The resistance to school vaccination laws was also strongest in minority communities that were already wary of the state intervening in religious and familial life. In 1901, the predominantly Mormon population of Utah passed a law that prohibited any state authority from excluding unvaccinated children from schools, with the legislature voting to override a gubernatorial veto. As with the ultra-Orthodox Jewish population at the center of the current controversy, there was no official religious edict against vaccination. Nonetheless, after a long struggle for statehood in which the Mormon practice of polygamy had proved to be a sticking point, many Mormons were suspicious of any intrusive state dictate, particularly with regard to the family and their faith. The problem wasn’t vaccines, it was state power.

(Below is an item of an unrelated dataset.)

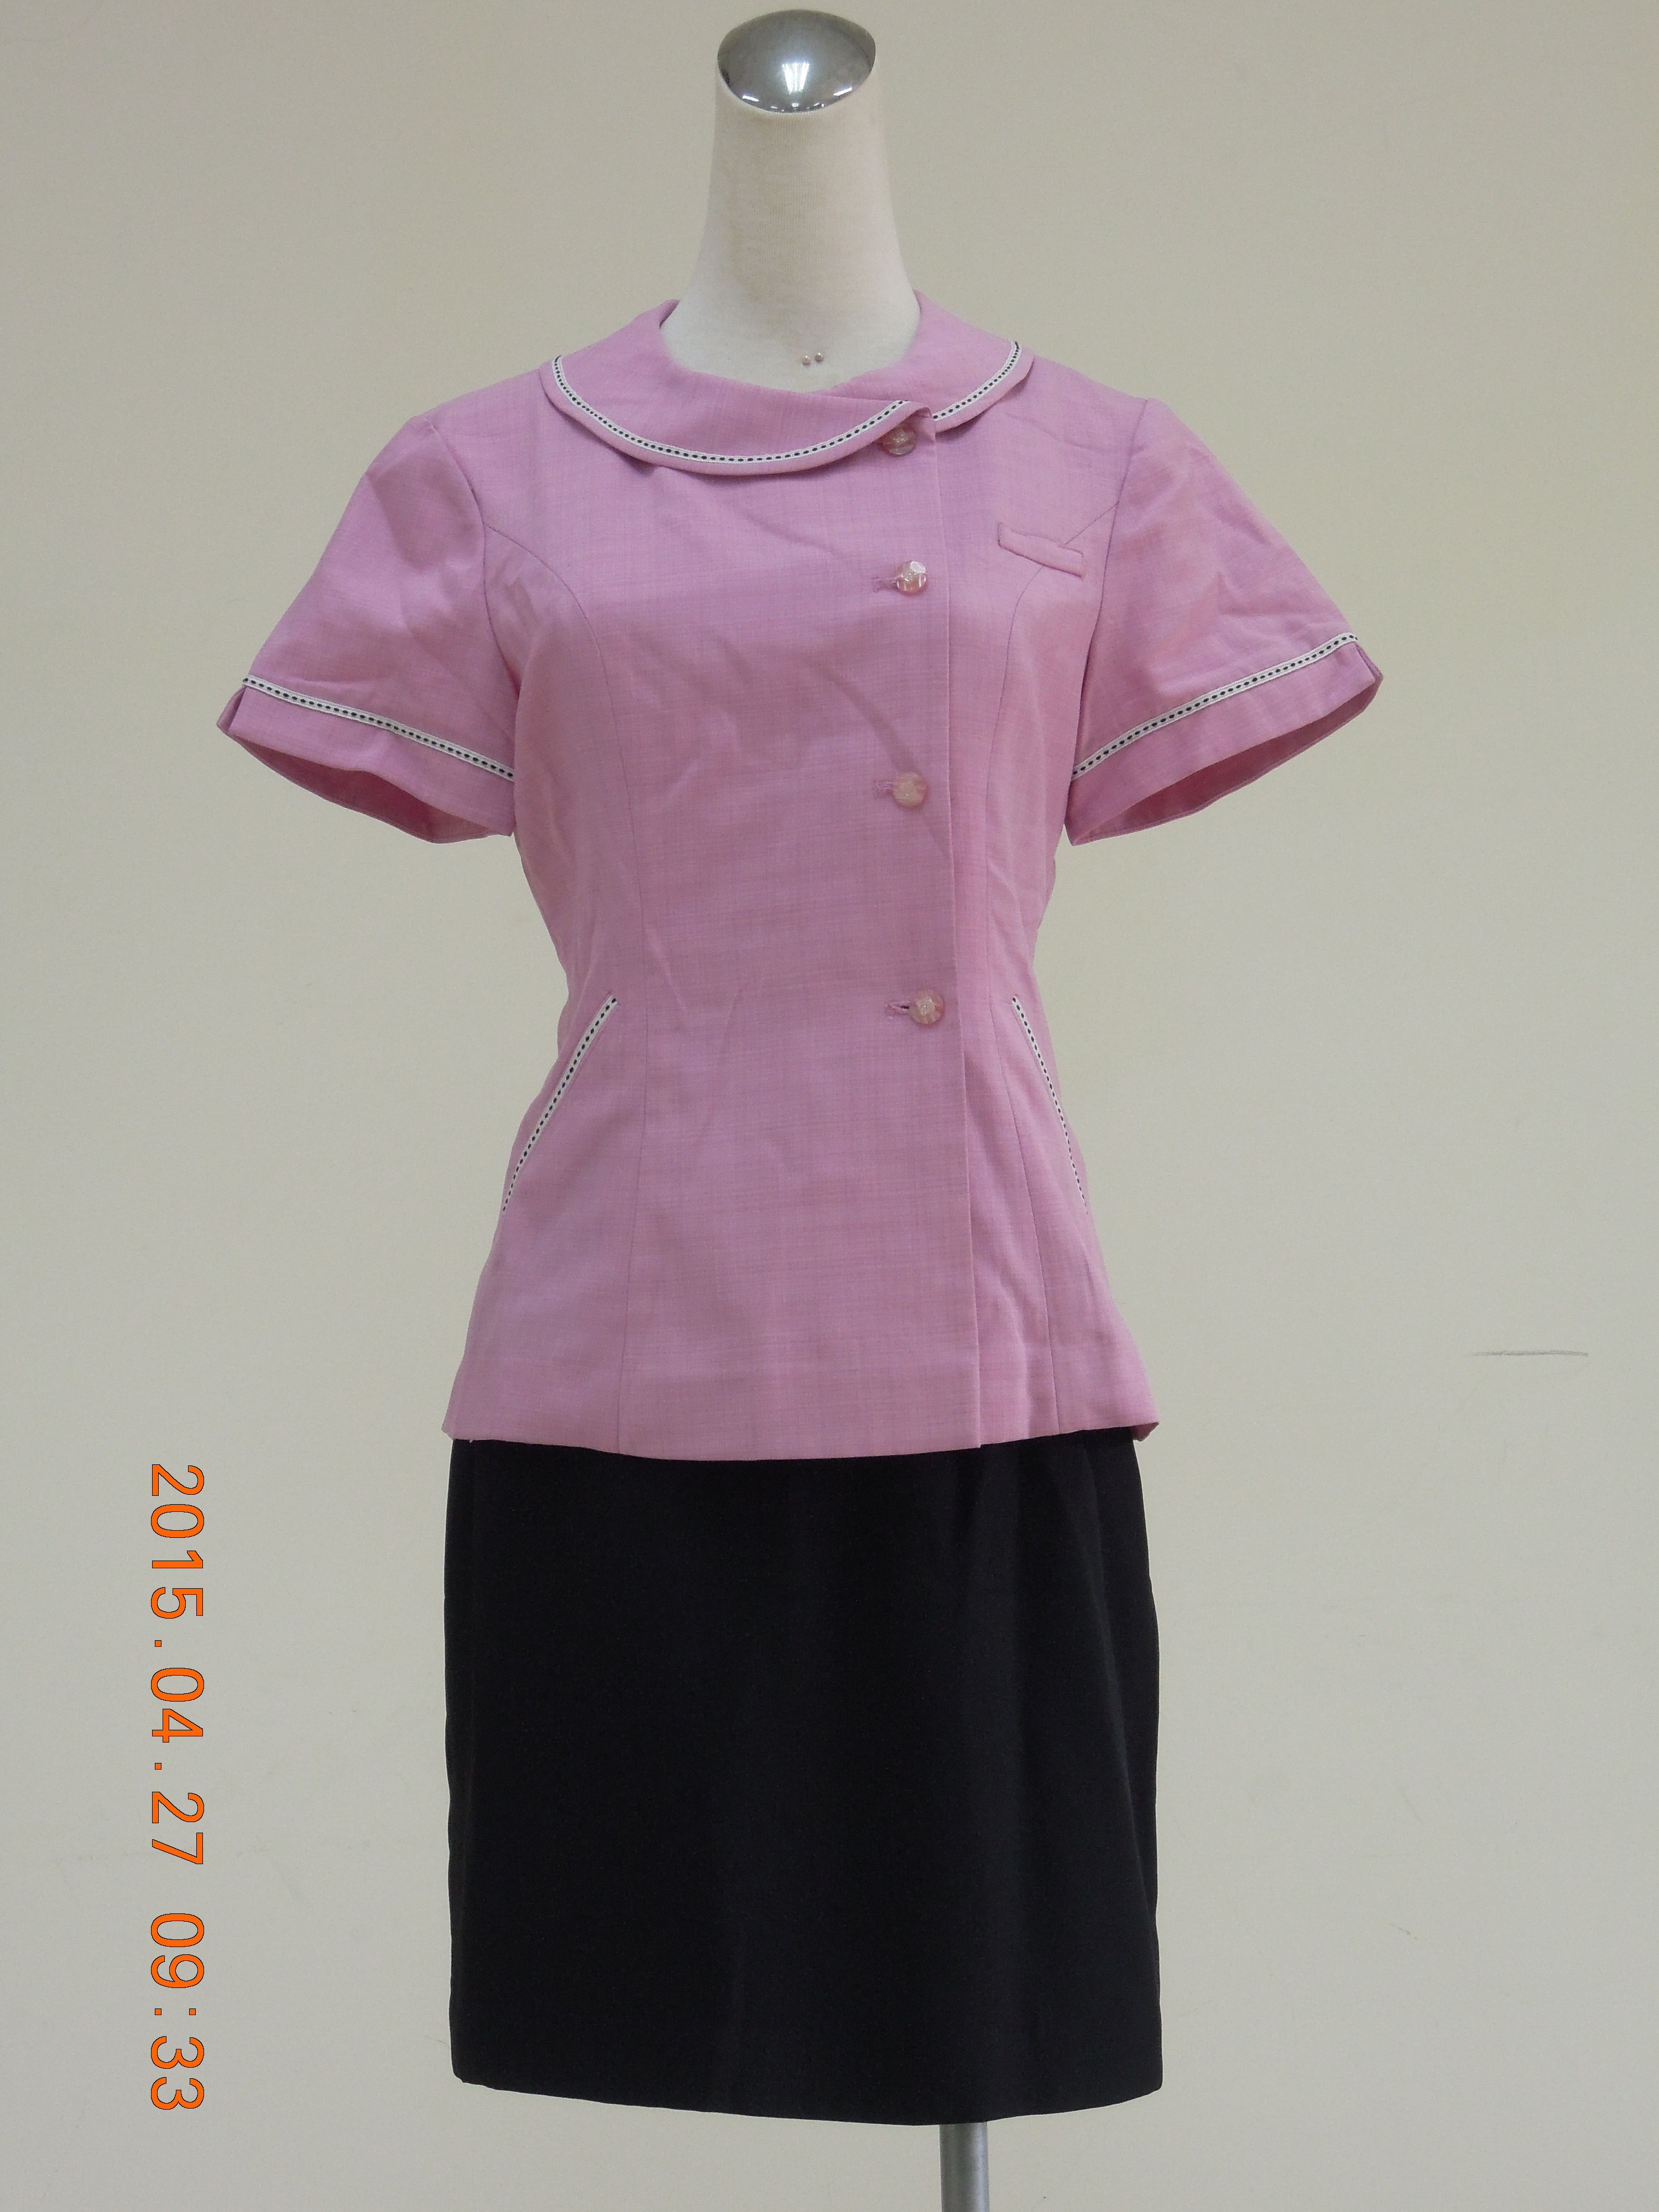 收費員制服之90至99年代夏粉紅上衣黑裙套裝

Yet despite the parallels between the anti-vaccination movement at the turn of the century and today, anti-vaccination sentiment was not a constant across the 20th century. Indeed, it has ebbed and flowed in tandem with broader public attitudes toward the state. By World War I, as nationalist sentiment swelled, anti-vaccination sentiment waned. It lay relatively dormant throughout the world wars and in the immediate postwar period as public confidence in government soared.
In the late 1960s, however, as public trust in government plummeted because of the Vietnam War, urban crises and Watergate, anti-vaccination activism resurged.
It was no coincidence that the late 20th century also saw battles over schooling explode over questions of desegregation, school prayer and sex education. Like anti-vaccine activists in the early 20th century, furious parents sought to fight back against what they perceived to be state policies forced upon their children that ran contrary to their child’s best interest and offended their personal values and religious beliefs.
Parents flocked to new private schools and began to home-school their children in record numbers. Others sought to carve out exemptions for their children at public schools to enforced state policies such as busing, and fought to overturn prohibitions on school prayer to create public schools that reflected their values.
Schools have long been a highly fraught political battleground, and it is in this broader context of parents struggling to opt out of state policies they opposed with respect to their children’s schooling that the anti-vaccine movement is thriving today.
This context should also shape our approach to addressing the crisis. Certainly, vaccination policies that target children are a necessary and effective strategy as an immediate measure to contain this public health crisis and prevent others. And although compulsory vaccinations that target children make a lot of sense from a public health standpoint, they also risk compounding and entrenching the sentiment and fear of parents underlying the anti-vaccine movement.
We need to fully reckon with the root causes of this sentiment by having a broader conversation about when parents can and can’t opt out of state policies affecting their children. Vaccinating children and preventing outbreaks is only one — albeit crucial — element of a solution. We also must rebuild the faith that parents have in schools and public institutions to do what is best for their children.